CIO 2022-33 Atezolizumab + Bevacizumab vs Sorafenib in HCC Patients With Prior Locoregional Therapy: IMbrave150 Exploratory Data

R. Salem; P.R. Galle; R.S. Finn; M. Ducreux; A.G. Singal; A. Nicholas; S. Hernandez; W. Verret; P. Merle; A.X. Zhu

Winner of 2022 Best Poster Award

Purpose: Atezolizumab (atezo) + bevacizumab (bev) has been approved in > 80 countries for systemic treatment (tx)–naive patients (pts) with unresectable HCC, based on IMbrave150 (NCT03434379; Finn RS NEJM 2020). Here, we report post hoc exploratory results of atezo + bev vs sorafenib (sor) in pts who had prior LRT using updated IMbrave150 data with 12 mo of further follow-up from primary analysis (Finn RS ASCO GI 2021).
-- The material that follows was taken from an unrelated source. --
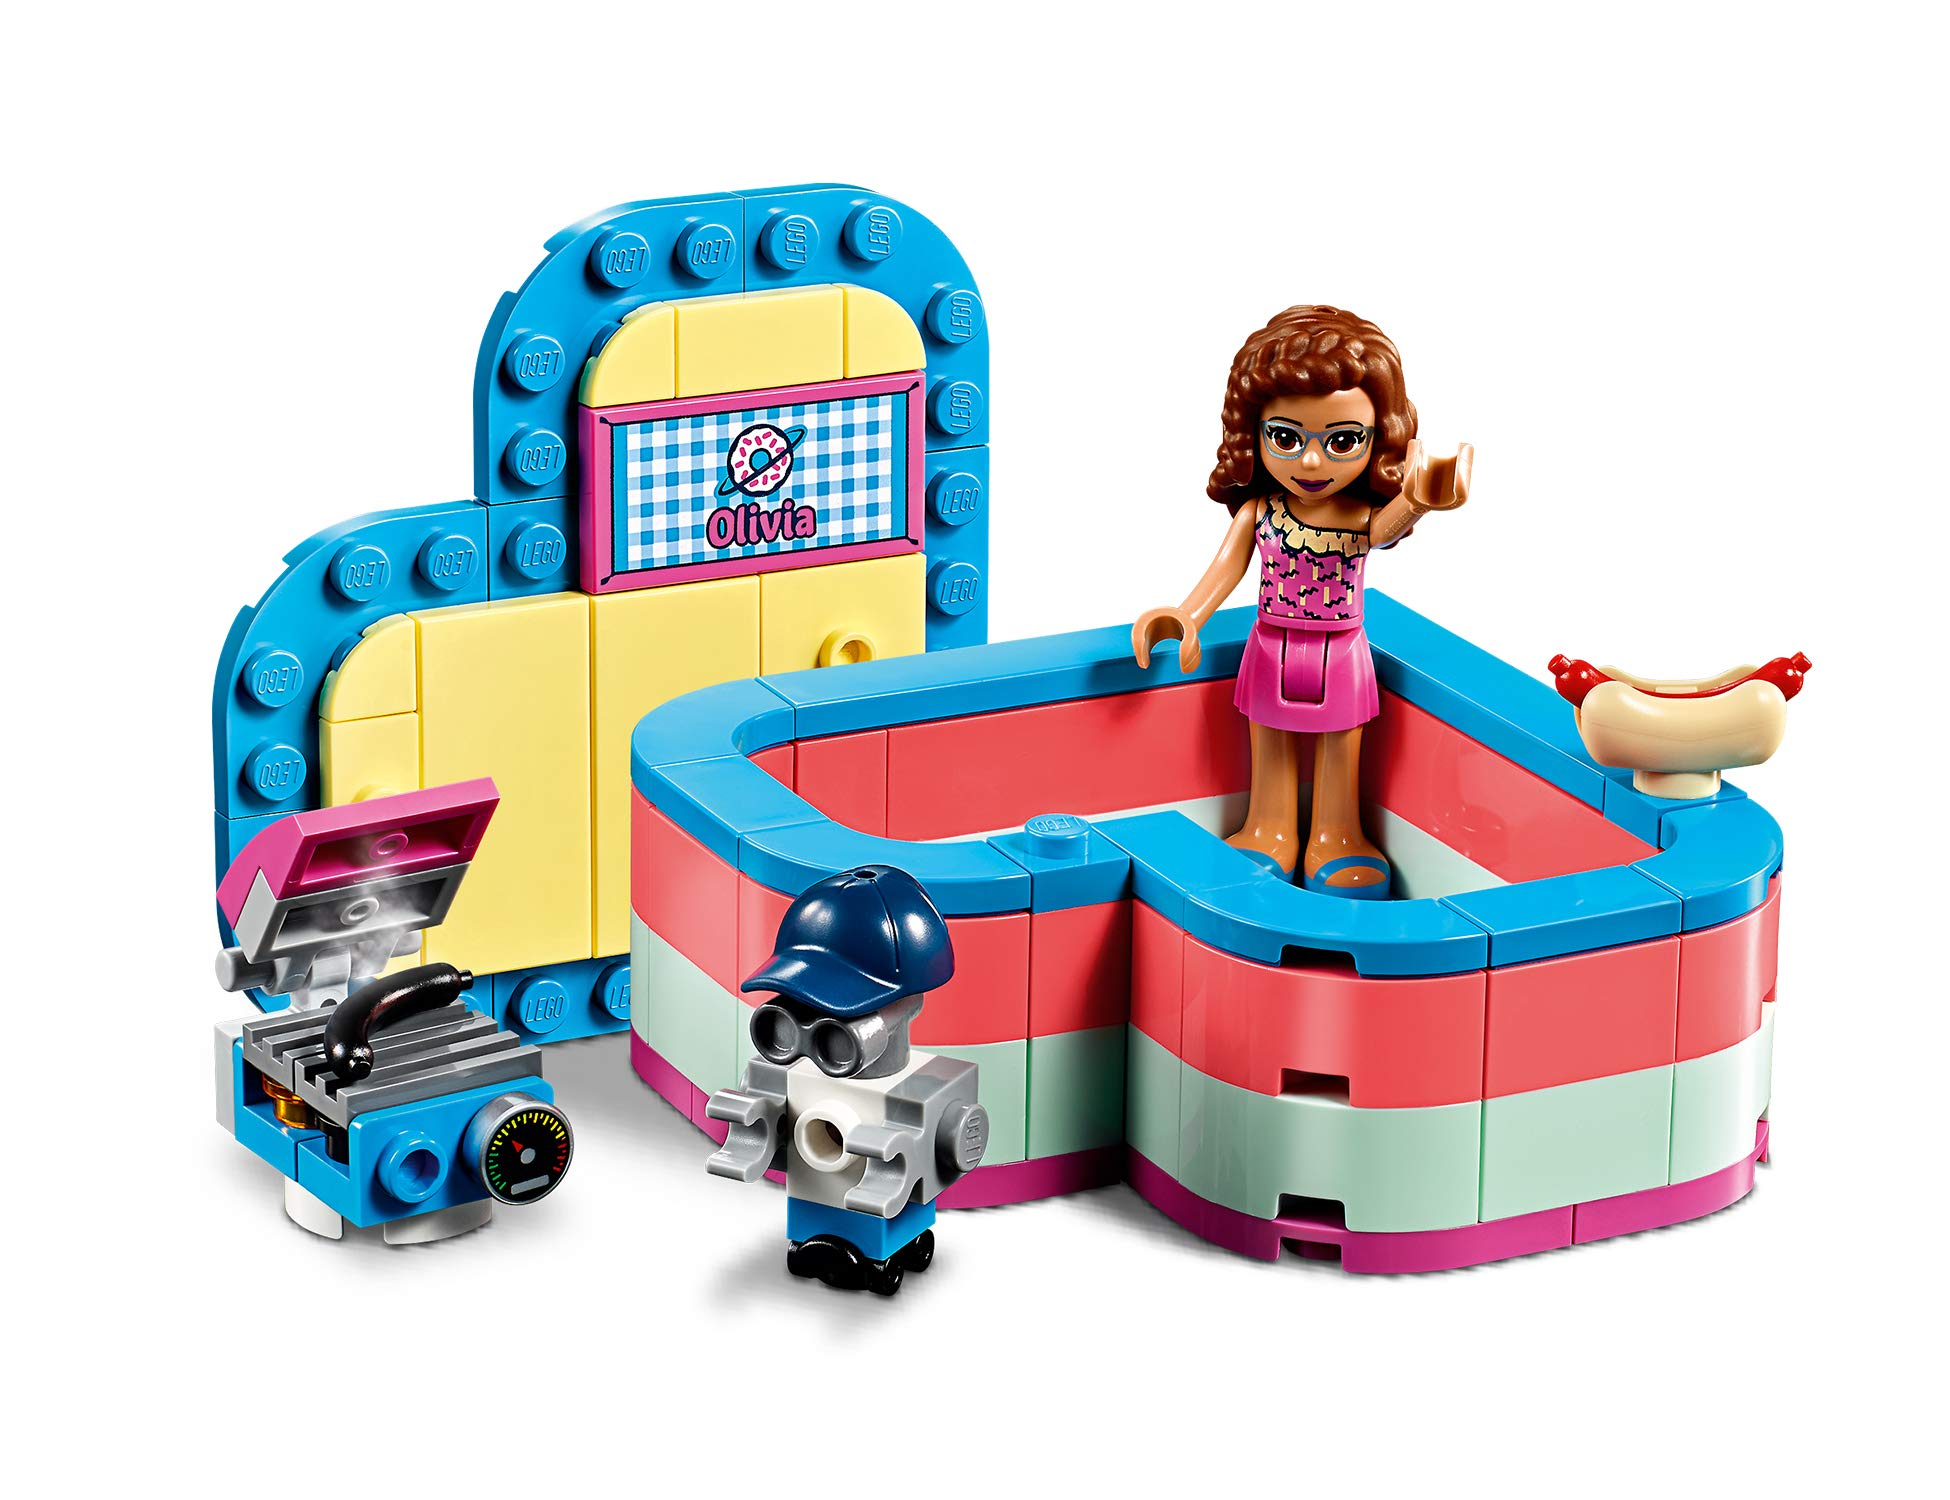 LEGO La Scatola Del Cuore Dell'Estate Di Olivia Costruzioni Piccole 3 spesavip

Methods: Pts were randomized 2:1 to atezo 1200 mg IV q3w + bev 15 mg/kg IV q3w or sor 400 mg bid until unacceptable toxicity or loss of clinical benefit per investigator. IMbrave150 enrolled 501 systemic tx–naive pts with unresectable HCC, ≥ 1 measurable untreated lesion (RECIST 1.1), Child-Pugh class A liver function and ECOG PS ≤1, including pts with prior LRT.

Results: 175, 84 and 77 atezo + bev pts and 80, 44 and 41 sor pts had 0, 1-2 and ≥ 3 prior lines of LRT, respectively. Compared with sor pts, atezo + bev pts had median overall survival (mOS) of 19.4 vs 13.1 mo (HR, 0.61; 95% CI: 0.44, 0.86) in pts without prior LRT, 22.8 vs 10.2 mo (HR, 0.60; 95% CI: 0.36, 1.00) in pts with 1-2 LRTs and 17.4 vs 16.6 mo (HR, 0.83; 95% CI: 0.51, 1.37) in pts with ≥ 3 LRTs. See table for more efficacy data. Grade 3-4 treatment-related adverse events were seen in 79 (46%), 33 (39%) and 31 (41%) atezo + bev pts and 30 (39%), 20 (49%) and 22 (58%) sor pts who had 0, 1-2 and ≥ 3 LRTs, respectively.

Conclusions: Survival benefit with atezo + bev over sor was seen in pts regardless of the number of prior LRTs. Atezo + bev seemed to have more benefit in pts with 1-2 vs ≥ 3 prior LRTs, suggesting an optimal time for switching from LRT to systemic tx.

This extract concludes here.